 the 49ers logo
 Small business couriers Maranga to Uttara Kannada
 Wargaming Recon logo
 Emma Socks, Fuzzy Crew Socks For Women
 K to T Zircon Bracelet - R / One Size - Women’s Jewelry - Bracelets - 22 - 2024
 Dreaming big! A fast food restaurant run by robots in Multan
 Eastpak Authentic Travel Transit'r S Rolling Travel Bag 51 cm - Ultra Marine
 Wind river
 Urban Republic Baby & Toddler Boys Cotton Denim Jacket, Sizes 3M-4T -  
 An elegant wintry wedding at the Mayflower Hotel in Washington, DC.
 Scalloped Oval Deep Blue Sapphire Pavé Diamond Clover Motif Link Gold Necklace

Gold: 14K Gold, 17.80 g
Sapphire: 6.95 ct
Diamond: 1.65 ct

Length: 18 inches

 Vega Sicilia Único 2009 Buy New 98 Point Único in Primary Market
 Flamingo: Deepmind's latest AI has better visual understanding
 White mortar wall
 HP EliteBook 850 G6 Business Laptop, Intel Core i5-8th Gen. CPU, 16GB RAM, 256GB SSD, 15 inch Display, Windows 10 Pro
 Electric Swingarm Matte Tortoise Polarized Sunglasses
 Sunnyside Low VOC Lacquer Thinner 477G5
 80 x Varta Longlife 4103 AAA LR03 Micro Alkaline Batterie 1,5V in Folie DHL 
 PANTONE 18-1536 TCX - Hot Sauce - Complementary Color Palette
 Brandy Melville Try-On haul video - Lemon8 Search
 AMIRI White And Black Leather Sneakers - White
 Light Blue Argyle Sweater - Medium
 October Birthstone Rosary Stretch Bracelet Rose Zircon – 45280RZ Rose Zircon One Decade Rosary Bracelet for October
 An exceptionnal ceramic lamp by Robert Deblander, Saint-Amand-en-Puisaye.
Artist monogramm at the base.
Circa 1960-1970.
________________
* Description of the task
From the line that contains "Scalloped Oval Deep" through the last line of the records above, copy every line exactly and leave out the rest.

* Expected answer
 Scalloped Oval Deep Blue Sapphire Pavé Diamond Clover Motif Link Gold Necklace

Gold: 14K Gold, 17.80 g
Sapphire: 6.95 ct
Diamond: 1.65 ct

Length: 18 inches

 Vega Sicilia Único 2009 Buy New 98 Point Único in Primary Market
 Flamingo: Deepmind's latest AI has better visual understanding
 White mortar wall
 HP EliteBook 850 G6 Business Laptop, Intel Core i5-8th Gen. CPU, 16GB RAM, 256GB SSD, 15 inch Display, Windows 10 Pro
 Electric Swingarm Matte Tortoise Polarized Sunglasses
 Sunnyside Low VOC Lacquer Thinner 477G5
 80 x Varta Longlife 4103 AAA LR03 Micro Alkaline Batterie 1,5V in Folie DHL 
 PANTONE 18-1536 TCX - Hot Sauce - Complementary Color Palette
 Brandy Melville Try-On haul video - Lemon8 Search
 AMIRI White And Black Leather Sneakers - White
 Light Blue Argyle Sweater - Medium
 October Birthstone Rosary Stretch Bracelet Rose Zircon – 45280RZ Rose Zircon One Decade Rosary Bracelet for October
 An exceptionnal ceramic lamp by Robert Deblander, Saint-Amand-en-Puisaye.
Artist monogramm at the base.
Circa 1960-1970.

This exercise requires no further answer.